§ **Assigned task**
For the records below, copy exactly the span that begins at the line containing "Happy Meal play" and stops after the line containing "A woman walking", minus any pictures.

§ **Supplied material**
▽

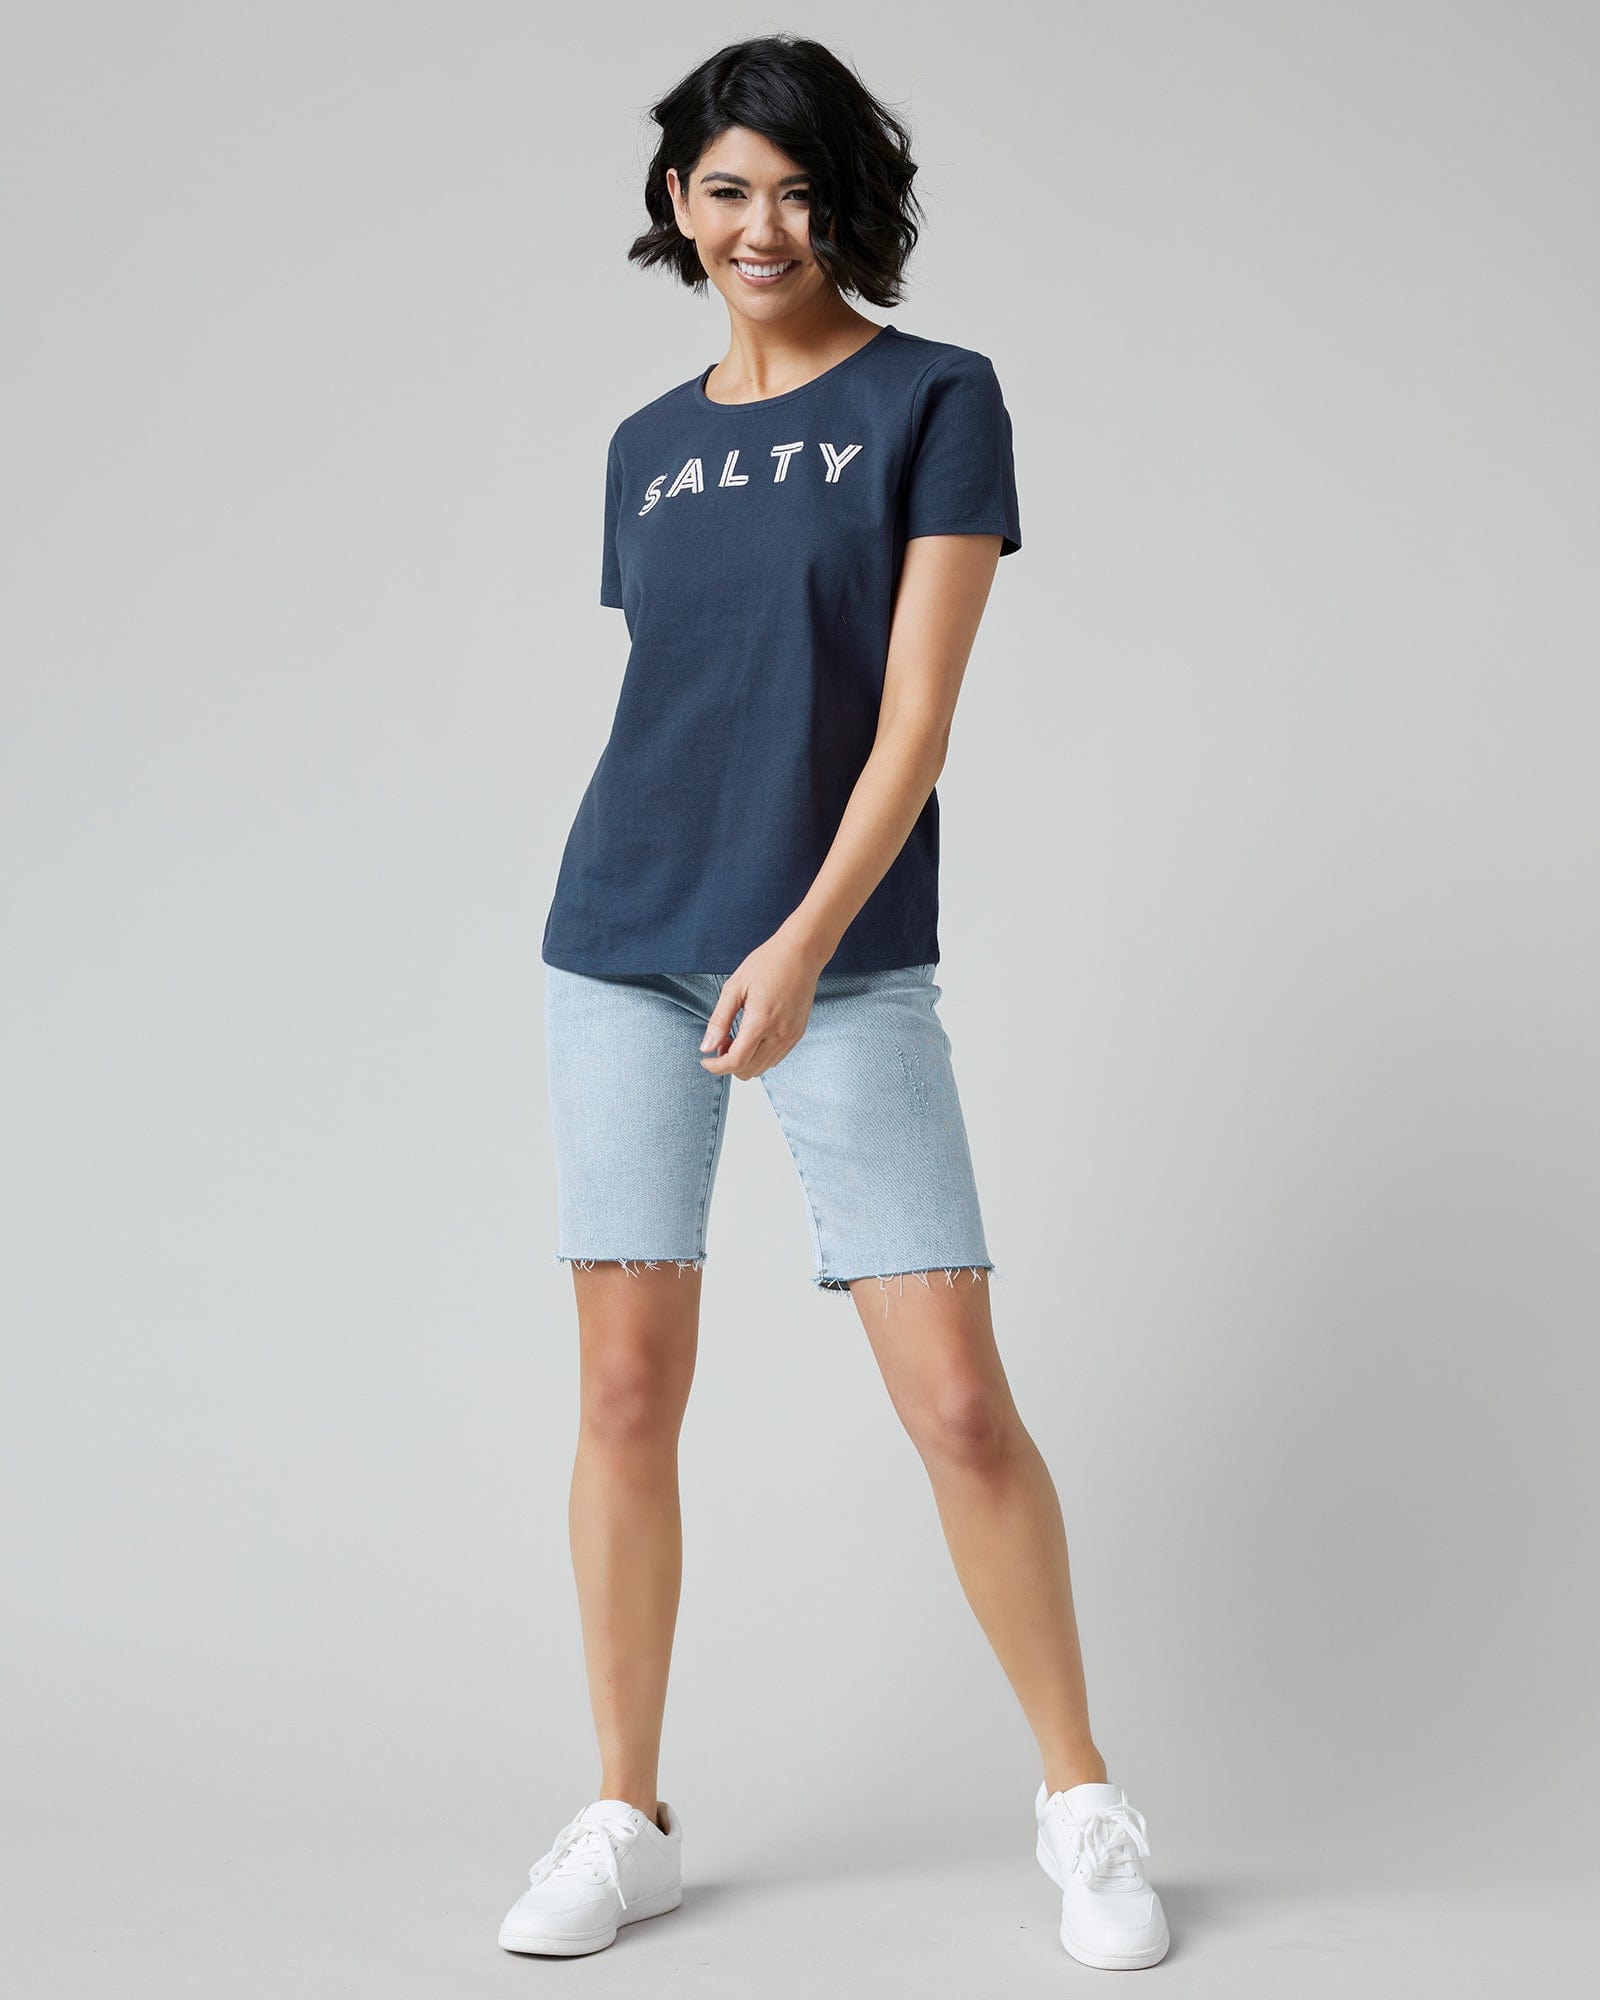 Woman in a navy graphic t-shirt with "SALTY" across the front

△
▽

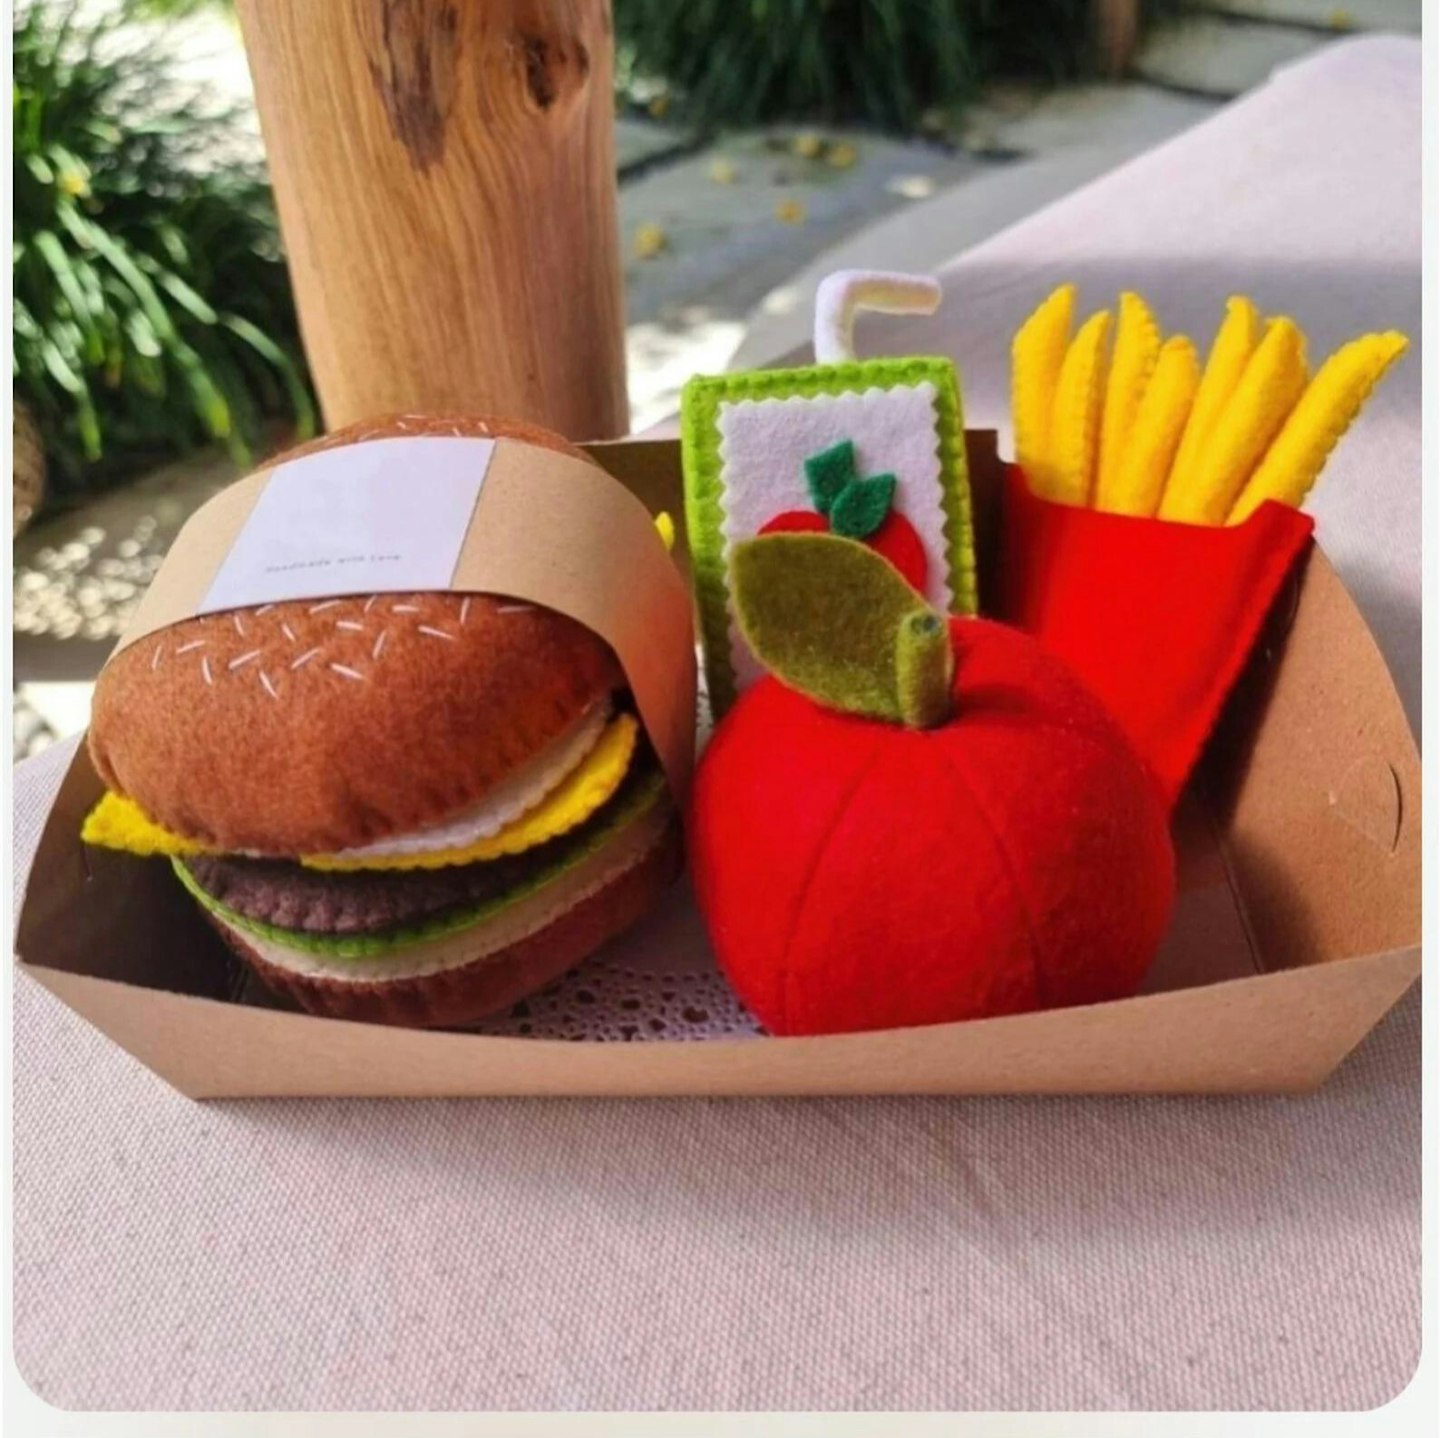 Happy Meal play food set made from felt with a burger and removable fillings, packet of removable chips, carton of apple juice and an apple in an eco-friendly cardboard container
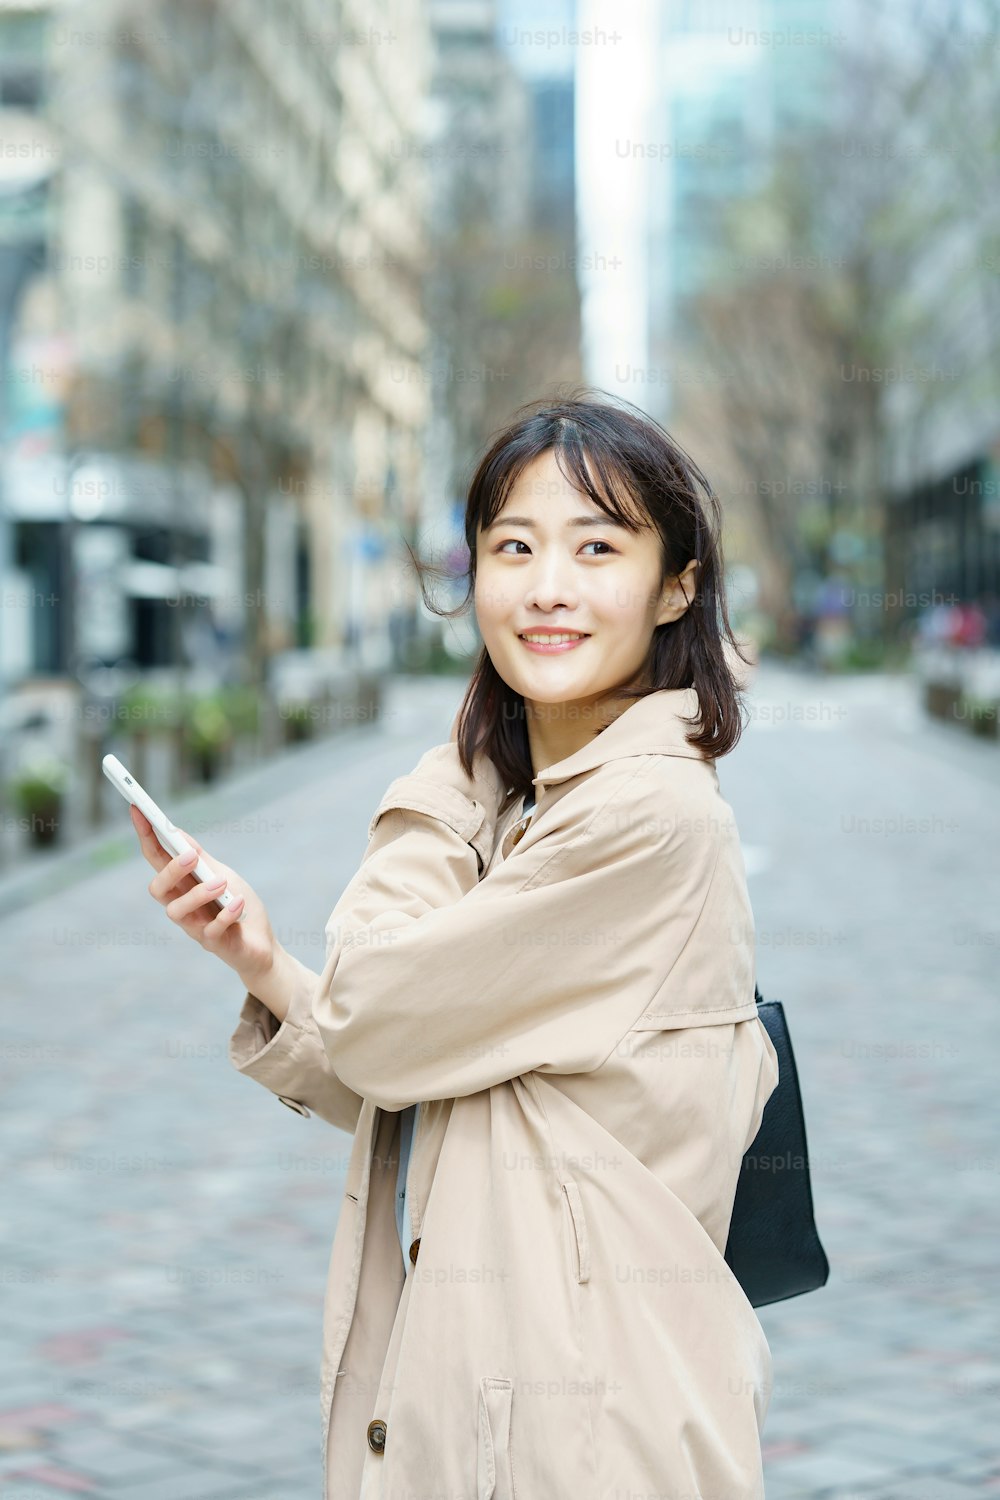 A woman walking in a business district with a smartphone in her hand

△

§ **Answer section**
 Happy Meal play food set made from felt with a burger and removable fillings, packet of removable chips, carton of apple juice and an apple in an eco-friendly cardboard container
 A woman walking in a business district with a smartphone in her hand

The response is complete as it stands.